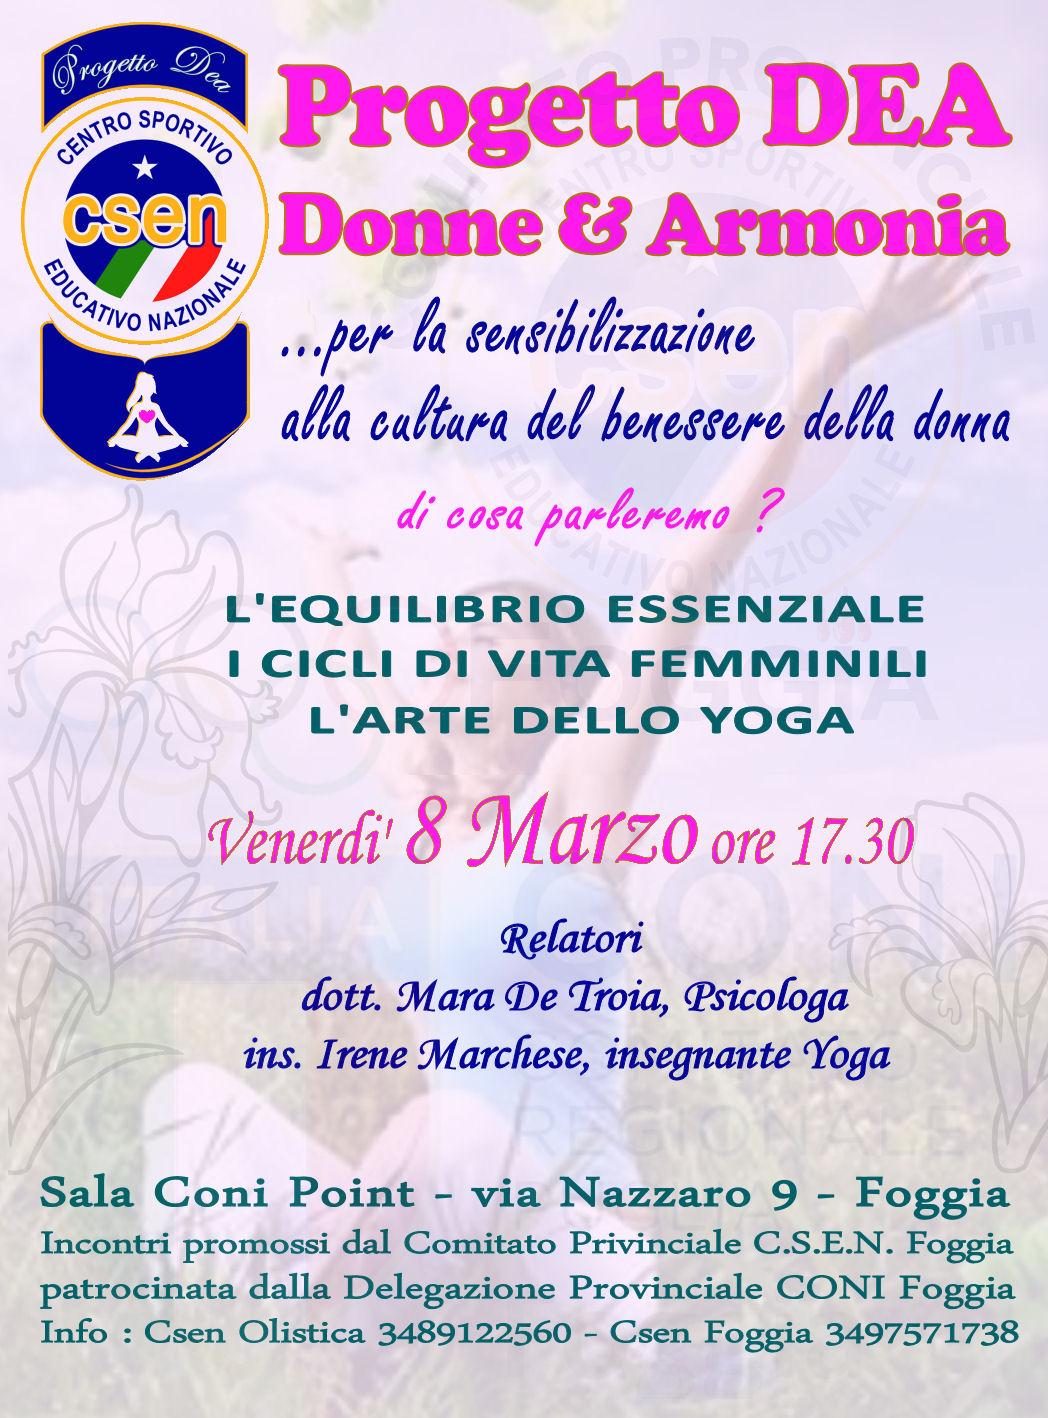 Progetto Dea : Donne & Armonia
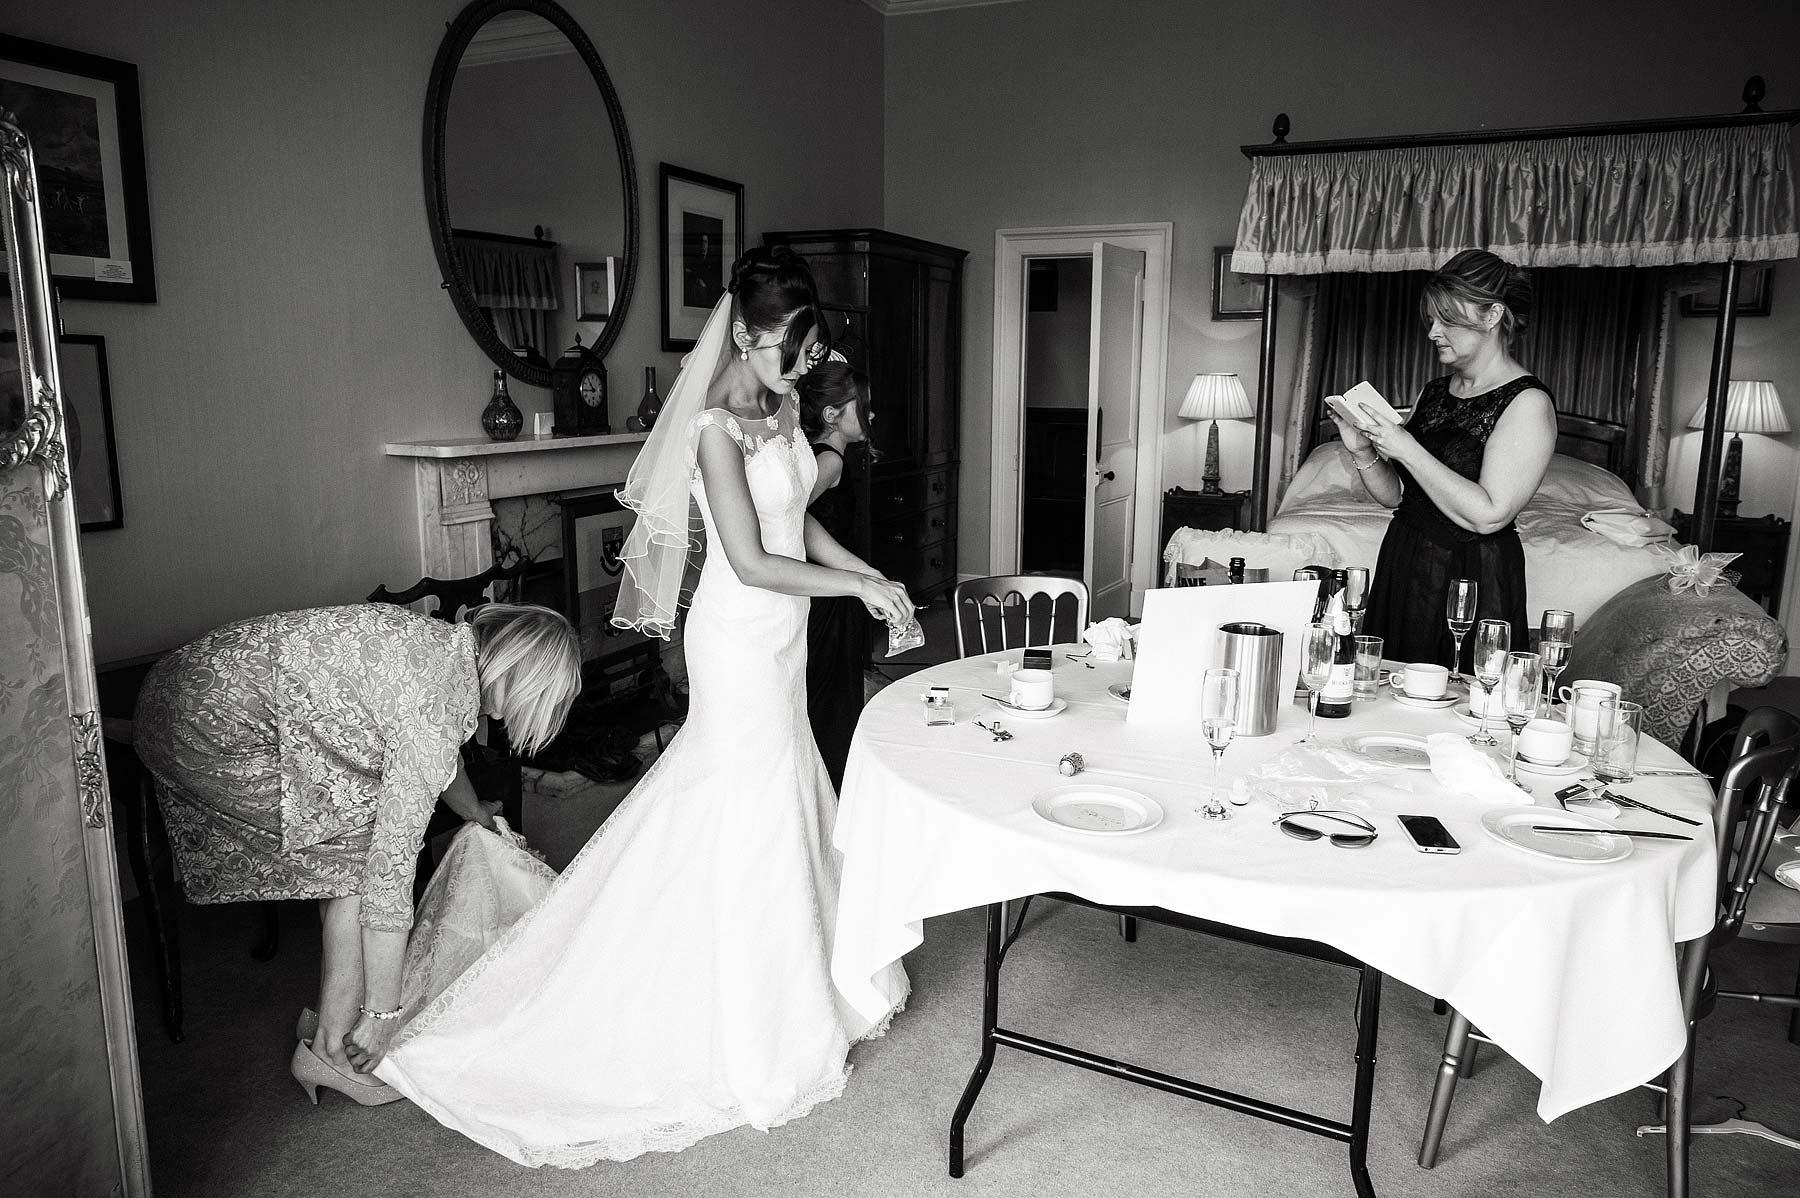 sandon-hall-wedding-photographer-032
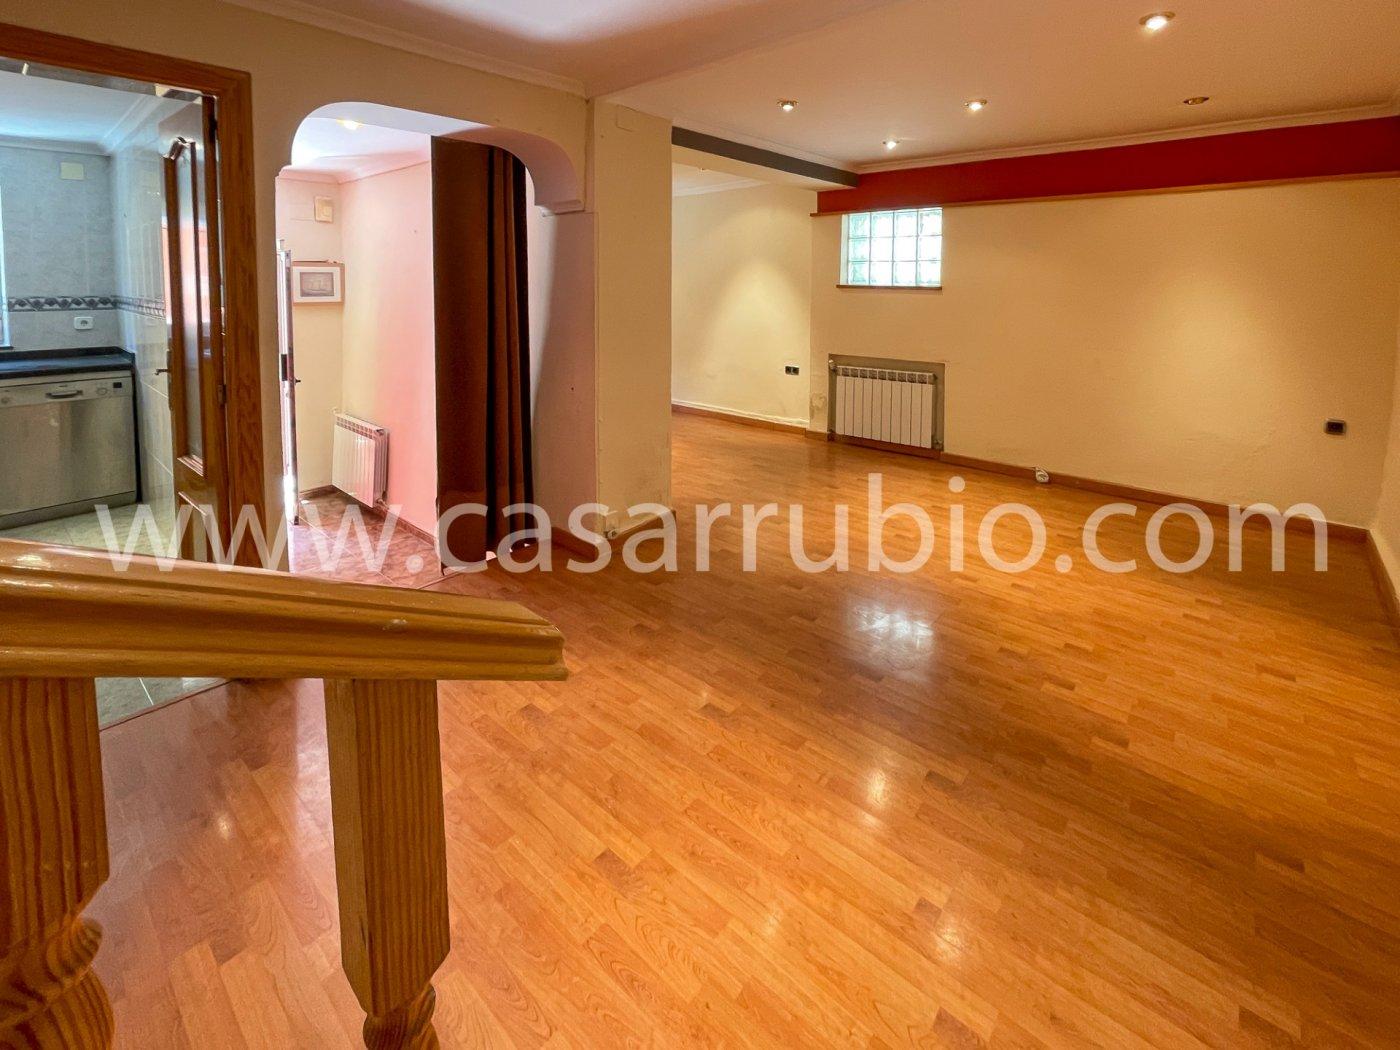 Estupenda casa reformada y con terraza en onil !! - imagenInmueble1
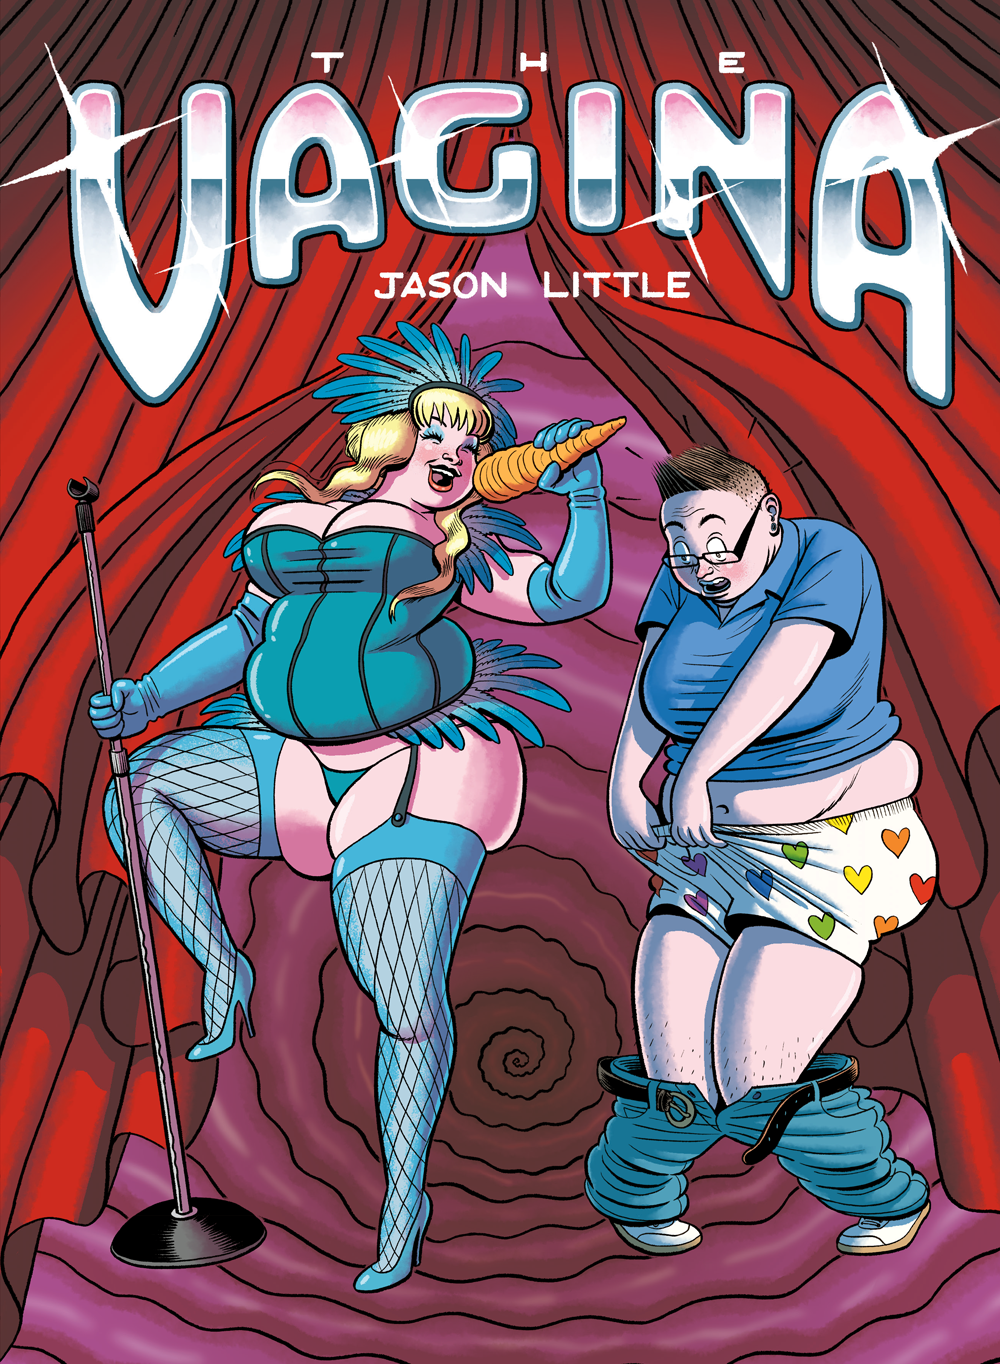 The Vagina

Task instructions:
Reproduce the data word for word, excluding its pictures.

Answer to this exercise:
 Progetto Dea : Donne & Armonia
 sandon-hall-wedding-photographer-032
 Estupenda casa reformada y con terraza en onil !! - imagenInmueble1
 The Vagina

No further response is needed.